PROBLEM TO WORK ON → Look below for the line holding "Tom Ford Eyeglasses" and the line holding "SKLZ Soccer Training". Repeat those two and everything between, exactly.

INFORMATION SUPPLIED →
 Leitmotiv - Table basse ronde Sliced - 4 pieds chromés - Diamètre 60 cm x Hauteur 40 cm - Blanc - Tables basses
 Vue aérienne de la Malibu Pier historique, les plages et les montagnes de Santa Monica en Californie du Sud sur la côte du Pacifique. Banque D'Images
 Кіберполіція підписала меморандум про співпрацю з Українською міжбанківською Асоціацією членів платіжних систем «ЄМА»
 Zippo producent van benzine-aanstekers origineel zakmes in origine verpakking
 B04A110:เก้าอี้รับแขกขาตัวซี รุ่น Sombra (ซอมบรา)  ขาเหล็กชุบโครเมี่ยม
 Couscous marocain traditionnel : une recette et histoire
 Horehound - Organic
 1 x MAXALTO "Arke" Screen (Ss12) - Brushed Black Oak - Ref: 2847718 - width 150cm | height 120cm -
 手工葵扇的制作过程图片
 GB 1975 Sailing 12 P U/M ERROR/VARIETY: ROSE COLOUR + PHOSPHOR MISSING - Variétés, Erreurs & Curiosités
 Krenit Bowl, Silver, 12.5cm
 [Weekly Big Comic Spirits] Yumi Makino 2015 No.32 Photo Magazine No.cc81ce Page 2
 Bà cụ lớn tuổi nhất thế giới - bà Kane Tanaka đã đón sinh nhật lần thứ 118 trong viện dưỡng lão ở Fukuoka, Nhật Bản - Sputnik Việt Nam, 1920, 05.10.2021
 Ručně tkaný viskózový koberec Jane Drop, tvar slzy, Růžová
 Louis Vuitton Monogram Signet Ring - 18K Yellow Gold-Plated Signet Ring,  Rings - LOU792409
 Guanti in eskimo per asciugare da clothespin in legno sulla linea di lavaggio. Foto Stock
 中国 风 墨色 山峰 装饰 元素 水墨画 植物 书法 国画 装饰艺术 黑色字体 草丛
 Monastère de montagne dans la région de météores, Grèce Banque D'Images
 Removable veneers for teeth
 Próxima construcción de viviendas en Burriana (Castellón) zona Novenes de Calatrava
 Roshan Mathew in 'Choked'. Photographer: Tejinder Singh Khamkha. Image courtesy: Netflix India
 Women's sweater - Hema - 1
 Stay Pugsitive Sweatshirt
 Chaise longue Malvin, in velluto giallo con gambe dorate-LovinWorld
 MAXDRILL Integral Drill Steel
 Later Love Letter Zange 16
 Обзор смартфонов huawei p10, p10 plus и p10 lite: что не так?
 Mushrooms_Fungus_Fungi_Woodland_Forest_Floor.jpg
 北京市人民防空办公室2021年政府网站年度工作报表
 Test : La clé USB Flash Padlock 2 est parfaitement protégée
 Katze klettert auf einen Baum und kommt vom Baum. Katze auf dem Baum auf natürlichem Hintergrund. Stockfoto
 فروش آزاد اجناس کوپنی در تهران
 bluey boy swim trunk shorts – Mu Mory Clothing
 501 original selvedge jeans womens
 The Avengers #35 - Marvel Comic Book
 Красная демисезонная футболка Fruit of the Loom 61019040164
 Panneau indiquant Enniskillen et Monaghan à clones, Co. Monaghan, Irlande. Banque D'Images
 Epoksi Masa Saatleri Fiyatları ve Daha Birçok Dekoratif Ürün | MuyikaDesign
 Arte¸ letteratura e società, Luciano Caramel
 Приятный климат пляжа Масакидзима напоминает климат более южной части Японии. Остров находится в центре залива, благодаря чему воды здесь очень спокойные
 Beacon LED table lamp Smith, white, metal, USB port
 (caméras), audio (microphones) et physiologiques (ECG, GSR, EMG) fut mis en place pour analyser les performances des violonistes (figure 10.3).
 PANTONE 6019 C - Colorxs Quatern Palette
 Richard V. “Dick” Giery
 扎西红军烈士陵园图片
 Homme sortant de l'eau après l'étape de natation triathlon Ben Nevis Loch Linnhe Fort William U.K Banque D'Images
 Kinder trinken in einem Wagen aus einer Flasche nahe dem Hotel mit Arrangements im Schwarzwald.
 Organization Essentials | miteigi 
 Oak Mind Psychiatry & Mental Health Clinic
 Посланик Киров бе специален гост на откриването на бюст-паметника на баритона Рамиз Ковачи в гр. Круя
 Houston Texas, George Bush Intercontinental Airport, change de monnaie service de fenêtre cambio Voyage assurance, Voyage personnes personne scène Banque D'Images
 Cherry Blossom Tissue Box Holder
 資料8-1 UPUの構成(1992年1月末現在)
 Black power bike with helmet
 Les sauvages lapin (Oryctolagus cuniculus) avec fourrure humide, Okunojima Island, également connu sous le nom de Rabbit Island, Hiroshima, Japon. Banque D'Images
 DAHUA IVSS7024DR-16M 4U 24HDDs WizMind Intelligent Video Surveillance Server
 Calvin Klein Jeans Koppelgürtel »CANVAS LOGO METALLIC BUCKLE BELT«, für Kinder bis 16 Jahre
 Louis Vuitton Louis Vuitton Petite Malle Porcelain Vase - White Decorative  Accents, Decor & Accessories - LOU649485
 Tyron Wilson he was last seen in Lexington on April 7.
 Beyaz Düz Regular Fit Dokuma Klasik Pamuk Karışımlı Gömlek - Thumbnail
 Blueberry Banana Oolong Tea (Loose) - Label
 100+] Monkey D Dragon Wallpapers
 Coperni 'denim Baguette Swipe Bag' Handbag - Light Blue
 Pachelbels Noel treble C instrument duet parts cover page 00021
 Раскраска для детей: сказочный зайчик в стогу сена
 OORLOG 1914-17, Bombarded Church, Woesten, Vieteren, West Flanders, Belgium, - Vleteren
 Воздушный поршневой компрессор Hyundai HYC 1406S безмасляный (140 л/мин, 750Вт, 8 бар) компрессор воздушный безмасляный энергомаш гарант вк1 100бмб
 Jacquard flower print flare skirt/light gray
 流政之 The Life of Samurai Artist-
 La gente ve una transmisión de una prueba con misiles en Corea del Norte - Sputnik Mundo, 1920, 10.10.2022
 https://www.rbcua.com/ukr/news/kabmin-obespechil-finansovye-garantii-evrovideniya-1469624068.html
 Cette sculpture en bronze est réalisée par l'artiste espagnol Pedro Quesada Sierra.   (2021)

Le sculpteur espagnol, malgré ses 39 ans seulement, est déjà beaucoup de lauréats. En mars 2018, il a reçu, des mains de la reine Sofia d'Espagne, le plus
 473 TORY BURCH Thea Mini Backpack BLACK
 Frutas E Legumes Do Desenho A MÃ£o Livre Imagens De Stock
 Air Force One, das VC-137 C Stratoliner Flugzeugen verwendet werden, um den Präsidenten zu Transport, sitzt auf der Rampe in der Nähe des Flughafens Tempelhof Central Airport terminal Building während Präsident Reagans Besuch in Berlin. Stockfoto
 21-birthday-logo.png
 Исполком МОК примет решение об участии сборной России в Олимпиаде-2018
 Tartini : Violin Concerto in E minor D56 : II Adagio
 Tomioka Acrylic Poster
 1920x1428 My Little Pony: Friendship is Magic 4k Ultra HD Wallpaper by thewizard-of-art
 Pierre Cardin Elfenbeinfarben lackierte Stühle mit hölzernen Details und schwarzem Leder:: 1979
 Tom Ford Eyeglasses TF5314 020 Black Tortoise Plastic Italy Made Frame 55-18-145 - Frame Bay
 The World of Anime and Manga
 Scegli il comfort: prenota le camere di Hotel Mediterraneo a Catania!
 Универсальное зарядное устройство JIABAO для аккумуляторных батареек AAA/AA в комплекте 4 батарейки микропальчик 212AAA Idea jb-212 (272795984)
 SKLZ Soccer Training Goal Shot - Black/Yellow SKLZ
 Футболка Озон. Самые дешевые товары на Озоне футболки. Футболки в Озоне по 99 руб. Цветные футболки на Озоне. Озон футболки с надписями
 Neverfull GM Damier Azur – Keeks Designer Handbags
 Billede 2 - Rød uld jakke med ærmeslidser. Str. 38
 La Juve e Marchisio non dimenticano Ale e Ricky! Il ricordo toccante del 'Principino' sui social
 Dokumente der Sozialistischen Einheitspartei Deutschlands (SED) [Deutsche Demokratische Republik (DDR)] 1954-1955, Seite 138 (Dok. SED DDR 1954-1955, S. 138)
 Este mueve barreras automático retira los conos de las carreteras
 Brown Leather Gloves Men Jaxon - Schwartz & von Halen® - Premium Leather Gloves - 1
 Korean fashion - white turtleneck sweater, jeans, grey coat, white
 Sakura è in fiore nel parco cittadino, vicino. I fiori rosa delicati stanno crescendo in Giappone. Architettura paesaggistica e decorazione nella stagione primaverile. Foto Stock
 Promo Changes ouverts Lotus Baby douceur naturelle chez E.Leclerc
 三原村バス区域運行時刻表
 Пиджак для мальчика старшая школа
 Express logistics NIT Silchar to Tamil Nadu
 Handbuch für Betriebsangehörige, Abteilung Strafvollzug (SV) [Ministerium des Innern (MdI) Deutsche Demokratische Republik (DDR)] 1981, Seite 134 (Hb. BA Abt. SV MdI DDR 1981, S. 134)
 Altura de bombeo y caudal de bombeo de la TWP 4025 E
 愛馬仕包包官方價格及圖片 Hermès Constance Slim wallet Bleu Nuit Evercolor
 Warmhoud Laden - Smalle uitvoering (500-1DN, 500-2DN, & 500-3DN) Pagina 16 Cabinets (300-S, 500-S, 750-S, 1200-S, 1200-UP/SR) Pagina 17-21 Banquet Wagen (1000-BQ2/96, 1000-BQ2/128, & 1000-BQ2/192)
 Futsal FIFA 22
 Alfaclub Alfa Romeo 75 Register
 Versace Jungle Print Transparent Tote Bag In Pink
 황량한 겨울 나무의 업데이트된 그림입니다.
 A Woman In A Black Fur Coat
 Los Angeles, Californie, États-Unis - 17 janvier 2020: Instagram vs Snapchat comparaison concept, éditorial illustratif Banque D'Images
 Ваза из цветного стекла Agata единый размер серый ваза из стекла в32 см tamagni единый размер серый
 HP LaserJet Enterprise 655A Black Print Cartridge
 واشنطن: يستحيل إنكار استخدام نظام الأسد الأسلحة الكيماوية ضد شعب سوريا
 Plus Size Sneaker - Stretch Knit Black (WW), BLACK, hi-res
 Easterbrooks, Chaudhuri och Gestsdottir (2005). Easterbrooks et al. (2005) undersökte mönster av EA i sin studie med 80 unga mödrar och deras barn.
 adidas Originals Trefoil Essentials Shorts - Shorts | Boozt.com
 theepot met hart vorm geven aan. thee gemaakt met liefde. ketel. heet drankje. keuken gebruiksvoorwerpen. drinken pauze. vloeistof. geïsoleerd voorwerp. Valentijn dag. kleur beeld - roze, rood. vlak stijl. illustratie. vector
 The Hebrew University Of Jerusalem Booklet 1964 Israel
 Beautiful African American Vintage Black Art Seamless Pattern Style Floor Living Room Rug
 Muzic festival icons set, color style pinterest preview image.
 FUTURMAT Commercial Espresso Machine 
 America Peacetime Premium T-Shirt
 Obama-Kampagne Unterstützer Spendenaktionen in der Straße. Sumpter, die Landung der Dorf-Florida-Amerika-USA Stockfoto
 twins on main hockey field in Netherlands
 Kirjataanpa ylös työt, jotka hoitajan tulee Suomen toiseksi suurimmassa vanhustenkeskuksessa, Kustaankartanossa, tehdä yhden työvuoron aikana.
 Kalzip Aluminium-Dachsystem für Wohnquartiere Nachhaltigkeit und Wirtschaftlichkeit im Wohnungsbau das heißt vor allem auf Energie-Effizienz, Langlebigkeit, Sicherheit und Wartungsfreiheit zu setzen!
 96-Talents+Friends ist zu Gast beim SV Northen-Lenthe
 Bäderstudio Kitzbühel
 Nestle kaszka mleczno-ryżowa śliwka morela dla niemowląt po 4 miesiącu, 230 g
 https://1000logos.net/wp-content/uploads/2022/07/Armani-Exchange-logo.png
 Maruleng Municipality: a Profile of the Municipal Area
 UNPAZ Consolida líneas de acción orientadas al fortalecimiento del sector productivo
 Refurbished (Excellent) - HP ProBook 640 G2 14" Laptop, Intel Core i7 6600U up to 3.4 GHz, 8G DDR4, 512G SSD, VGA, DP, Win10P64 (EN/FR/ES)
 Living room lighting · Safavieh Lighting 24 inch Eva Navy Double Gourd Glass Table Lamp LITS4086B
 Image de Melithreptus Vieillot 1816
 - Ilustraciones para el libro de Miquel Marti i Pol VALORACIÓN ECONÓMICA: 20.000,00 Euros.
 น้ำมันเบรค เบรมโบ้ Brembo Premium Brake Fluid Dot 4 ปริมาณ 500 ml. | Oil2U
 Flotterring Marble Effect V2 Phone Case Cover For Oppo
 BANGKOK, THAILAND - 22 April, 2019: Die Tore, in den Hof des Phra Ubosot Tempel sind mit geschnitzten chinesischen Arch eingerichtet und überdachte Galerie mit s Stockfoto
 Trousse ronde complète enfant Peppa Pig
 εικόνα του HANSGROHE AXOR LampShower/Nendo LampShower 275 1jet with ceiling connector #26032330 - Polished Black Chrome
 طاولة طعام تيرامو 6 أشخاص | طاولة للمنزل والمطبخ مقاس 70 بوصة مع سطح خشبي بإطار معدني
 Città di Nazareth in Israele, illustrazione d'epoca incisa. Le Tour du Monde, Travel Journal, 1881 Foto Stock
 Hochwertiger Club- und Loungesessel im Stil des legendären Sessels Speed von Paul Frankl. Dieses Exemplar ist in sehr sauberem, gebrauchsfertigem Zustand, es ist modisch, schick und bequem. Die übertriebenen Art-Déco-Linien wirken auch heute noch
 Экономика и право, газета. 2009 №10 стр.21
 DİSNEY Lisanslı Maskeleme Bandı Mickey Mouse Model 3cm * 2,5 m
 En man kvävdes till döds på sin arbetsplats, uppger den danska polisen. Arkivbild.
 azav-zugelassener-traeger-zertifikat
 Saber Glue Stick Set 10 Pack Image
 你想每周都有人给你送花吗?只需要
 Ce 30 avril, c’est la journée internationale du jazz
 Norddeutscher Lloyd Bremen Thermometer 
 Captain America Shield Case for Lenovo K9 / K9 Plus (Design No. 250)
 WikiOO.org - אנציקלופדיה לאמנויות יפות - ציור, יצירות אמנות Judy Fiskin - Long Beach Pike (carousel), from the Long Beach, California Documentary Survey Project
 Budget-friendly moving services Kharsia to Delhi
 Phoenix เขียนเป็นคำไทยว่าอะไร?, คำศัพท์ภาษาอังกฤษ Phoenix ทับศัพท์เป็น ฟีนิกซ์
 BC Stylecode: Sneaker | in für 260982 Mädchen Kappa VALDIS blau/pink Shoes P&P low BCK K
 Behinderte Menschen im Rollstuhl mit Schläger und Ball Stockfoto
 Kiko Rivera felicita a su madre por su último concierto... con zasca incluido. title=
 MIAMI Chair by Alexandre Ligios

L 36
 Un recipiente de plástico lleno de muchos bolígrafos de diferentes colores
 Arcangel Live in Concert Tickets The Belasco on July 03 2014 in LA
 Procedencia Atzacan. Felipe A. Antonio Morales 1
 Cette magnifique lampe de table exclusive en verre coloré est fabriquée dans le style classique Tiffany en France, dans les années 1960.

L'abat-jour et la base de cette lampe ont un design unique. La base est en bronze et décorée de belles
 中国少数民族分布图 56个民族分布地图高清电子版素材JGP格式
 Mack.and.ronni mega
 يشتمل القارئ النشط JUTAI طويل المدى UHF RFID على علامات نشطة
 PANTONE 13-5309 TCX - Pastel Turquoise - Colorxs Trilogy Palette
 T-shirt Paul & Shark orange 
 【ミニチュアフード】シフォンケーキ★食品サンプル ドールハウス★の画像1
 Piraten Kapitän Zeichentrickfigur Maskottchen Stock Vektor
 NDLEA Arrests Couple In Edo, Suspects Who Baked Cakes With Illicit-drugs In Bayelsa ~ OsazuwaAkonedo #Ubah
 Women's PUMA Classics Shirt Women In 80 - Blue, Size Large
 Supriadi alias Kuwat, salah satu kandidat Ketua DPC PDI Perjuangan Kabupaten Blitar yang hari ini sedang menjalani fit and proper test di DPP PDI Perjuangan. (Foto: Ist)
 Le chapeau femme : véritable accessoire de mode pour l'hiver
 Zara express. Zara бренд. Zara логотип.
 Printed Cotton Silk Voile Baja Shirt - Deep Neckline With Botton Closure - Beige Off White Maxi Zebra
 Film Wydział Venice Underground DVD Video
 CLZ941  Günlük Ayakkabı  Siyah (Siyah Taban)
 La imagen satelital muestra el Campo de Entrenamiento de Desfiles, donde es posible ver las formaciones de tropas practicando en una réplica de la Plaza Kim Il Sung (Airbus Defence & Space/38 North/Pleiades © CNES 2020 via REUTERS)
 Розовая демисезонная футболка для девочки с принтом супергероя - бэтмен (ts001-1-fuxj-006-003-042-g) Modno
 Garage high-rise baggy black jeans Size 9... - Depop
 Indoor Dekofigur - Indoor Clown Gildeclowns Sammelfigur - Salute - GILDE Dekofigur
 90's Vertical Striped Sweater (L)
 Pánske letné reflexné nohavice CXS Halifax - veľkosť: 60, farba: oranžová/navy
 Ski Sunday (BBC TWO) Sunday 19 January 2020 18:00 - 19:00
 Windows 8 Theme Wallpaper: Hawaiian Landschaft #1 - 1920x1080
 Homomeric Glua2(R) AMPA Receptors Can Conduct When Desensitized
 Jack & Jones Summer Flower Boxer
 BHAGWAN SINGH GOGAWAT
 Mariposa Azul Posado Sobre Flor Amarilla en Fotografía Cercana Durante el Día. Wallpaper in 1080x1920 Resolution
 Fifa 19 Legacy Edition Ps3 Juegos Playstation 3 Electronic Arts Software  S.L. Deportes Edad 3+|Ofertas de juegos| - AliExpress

EXERCISE RESULT →
 Tom Ford Eyeglasses TF5314 020 Black Tortoise Plastic Italy Made Frame 55-18-145 - Frame Bay
 The World of Anime and Manga
 Scegli il comfort: prenota le camere di Hotel Mediterraneo a Catania!
 Универсальное зарядное устройство JIABAO для аккумуляторных батареек AAA/AA в комплекте 4 батарейки микропальчик 212AAA Idea jb-212 (272795984)
 SKLZ Soccer Training Goal Shot - Black/Yellow SKLZ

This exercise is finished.